◆ WHAT THE EXERCISE ASKS ◆
Go through the material and set down every line without alteration.

◆ PROVIDED MATERIAL ◆
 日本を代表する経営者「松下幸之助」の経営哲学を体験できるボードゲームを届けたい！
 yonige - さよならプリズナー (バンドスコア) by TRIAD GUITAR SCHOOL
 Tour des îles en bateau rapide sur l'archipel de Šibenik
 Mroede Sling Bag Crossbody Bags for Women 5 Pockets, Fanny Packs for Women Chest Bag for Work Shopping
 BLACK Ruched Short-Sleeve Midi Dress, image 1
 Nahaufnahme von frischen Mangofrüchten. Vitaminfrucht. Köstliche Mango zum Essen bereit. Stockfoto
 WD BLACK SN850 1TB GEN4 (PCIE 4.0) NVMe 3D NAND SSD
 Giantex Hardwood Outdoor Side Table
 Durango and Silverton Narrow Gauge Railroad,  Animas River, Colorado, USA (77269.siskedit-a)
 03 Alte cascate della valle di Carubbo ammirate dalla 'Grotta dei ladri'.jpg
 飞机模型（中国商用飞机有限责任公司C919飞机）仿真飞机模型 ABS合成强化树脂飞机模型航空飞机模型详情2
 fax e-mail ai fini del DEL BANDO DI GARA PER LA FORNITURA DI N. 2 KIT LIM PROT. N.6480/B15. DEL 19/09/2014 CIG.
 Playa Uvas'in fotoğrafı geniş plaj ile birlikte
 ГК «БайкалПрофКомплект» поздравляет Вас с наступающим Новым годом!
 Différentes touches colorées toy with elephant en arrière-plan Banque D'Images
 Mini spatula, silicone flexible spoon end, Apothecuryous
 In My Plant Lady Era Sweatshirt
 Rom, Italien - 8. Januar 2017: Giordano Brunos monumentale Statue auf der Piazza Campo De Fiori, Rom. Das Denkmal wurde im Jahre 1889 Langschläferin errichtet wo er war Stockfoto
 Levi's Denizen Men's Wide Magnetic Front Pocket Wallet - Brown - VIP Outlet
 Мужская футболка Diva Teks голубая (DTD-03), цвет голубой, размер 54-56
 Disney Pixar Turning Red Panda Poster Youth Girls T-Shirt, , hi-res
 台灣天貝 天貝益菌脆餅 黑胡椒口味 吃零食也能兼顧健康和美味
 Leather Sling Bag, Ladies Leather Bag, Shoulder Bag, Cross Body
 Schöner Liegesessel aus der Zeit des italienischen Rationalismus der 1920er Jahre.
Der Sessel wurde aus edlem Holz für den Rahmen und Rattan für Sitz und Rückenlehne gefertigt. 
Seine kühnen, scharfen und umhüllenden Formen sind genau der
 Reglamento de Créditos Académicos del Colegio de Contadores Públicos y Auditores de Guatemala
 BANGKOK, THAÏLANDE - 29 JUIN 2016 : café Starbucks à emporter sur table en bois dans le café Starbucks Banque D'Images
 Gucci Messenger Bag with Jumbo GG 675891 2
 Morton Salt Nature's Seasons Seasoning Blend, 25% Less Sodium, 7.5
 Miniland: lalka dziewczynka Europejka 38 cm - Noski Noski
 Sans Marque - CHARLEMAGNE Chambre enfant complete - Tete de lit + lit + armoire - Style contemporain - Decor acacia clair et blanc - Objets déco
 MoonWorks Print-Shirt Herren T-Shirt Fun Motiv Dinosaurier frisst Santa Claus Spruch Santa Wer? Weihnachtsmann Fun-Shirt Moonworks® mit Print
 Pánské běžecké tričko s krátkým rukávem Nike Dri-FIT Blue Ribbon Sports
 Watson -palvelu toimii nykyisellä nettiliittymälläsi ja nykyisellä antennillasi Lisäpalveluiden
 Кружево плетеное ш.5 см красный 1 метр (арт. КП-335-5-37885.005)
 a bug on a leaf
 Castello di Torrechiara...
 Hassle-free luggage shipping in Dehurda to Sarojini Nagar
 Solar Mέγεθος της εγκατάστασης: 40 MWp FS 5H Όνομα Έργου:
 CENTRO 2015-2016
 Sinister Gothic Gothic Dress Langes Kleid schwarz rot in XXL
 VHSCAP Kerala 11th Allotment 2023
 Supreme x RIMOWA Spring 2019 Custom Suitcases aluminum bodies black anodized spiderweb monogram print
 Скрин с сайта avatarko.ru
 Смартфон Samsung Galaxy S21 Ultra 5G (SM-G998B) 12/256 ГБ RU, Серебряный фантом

◆ RESPONSE TO THE EXERCISE ◆
 日本を代表する経営者「松下幸之助」の経営哲学を体験できるボードゲームを届けたい！
 yonige - さよならプリズナー (バンドスコア) by TRIAD GUITAR SCHOOL
 Tour des îles en bateau rapide sur l'archipel de Šibenik
 Mroede Sling Bag Crossbody Bags for Women 5 Pockets, Fanny Packs for Women Chest Bag for Work Shopping
 BLACK Ruched Short-Sleeve Midi Dress, image 1
 Nahaufnahme von frischen Mangofrüchten. Vitaminfrucht. Köstliche Mango zum Essen bereit. Stockfoto
 WD BLACK SN850 1TB GEN4 (PCIE 4.0) NVMe 3D NAND SSD
 Giantex Hardwood Outdoor Side Table
 Durango and Silverton Narrow Gauge Railroad,  Animas River, Colorado, USA (77269.siskedit-a)
 03 Alte cascate della valle di Carubbo ammirate dalla 'Grotta dei ladri'.jpg
 飞机模型（中国商用飞机有限责任公司C919飞机）仿真飞机模型 ABS合成强化树脂飞机模型航空飞机模型详情2
 fax e-mail ai fini del DEL BANDO DI GARA PER LA FORNITURA DI N. 2 KIT LIM PROT. N.6480/B15. DEL 19/09/2014 CIG.
 Playa Uvas'in fotoğrafı geniş plaj ile birlikte
 ГК «БайкалПрофКомплект» поздравляет Вас с наступающим Новым годом!
 Différentes touches colorées toy with elephant en arrière-plan Banque D'Images
 Mini spatula, silicone flexible spoon end, Apothecuryous
 In My Plant Lady Era Sweatshirt
 Rom, Italien - 8. Januar 2017: Giordano Brunos monumentale Statue auf der Piazza Campo De Fiori, Rom. Das Denkmal wurde im Jahre 1889 Langschläferin errichtet wo er war Stockfoto
 Levi's Denizen Men's Wide Magnetic Front Pocket Wallet - Brown - VIP Outlet
 Мужская футболка Diva Teks голубая (DTD-03), цвет голубой, размер 54-56
 Disney Pixar Turning Red Panda Poster Youth Girls T-Shirt, , hi-res
 台灣天貝 天貝益菌脆餅 黑胡椒口味 吃零食也能兼顧健康和美味
 Leather Sling Bag, Ladies Leather Bag, Shoulder Bag, Cross Body
 Schöner Liegesessel aus der Zeit des italienischen Rationalismus der 1920er Jahre.
Der Sessel wurde aus edlem Holz für den Rahmen und Rattan für Sitz und Rückenlehne gefertigt. 
Seine kühnen, scharfen und umhüllenden Formen sind genau der
 Reglamento de Créditos Académicos del Colegio de Contadores Públicos y Auditores de Guatemala
 BANGKOK, THAÏLANDE - 29 JUIN 2016 : café Starbucks à emporter sur table en bois dans le café Starbucks Banque D'Images
 Gucci Messenger Bag with Jumbo GG 675891 2
 Morton Salt Nature's Seasons Seasoning Blend, 25% Less Sodium, 7.5
 Miniland: lalka dziewczynka Europejka 38 cm - Noski Noski
 Sans Marque - CHARLEMAGNE Chambre enfant complete - Tete de lit + lit + armoire - Style contemporain - Decor acacia clair et blanc - Objets déco
 MoonWorks Print-Shirt Herren T-Shirt Fun Motiv Dinosaurier frisst Santa Claus Spruch Santa Wer? Weihnachtsmann Fun-Shirt Moonworks® mit Print
 Pánské běžecké tričko s krátkým rukávem Nike Dri-FIT Blue Ribbon Sports
 Watson -palvelu toimii nykyisellä nettiliittymälläsi ja nykyisellä antennillasi Lisäpalveluiden
 Кружево плетеное ш.5 см красный 1 метр (арт. КП-335-5-37885.005)
 a bug on a leaf
 Castello di Torrechiara...
 Hassle-free luggage shipping in Dehurda to Sarojini Nagar
 Solar Mέγεθος της εγκατάστασης: 40 MWp FS 5H Όνομα Έργου:
 CENTRO 2015-2016
 Sinister Gothic Gothic Dress Langes Kleid schwarz rot in XXL
 VHSCAP Kerala 11th Allotment 2023
 Supreme x RIMOWA Spring 2019 Custom Suitcases aluminum bodies black anodized spiderweb monogram print
 Скрин с сайта avatarko.ru
 Смартфон Samsung Galaxy S21 Ultra 5G (SM-G998B) 12/256 ГБ RU, Серебряный фантом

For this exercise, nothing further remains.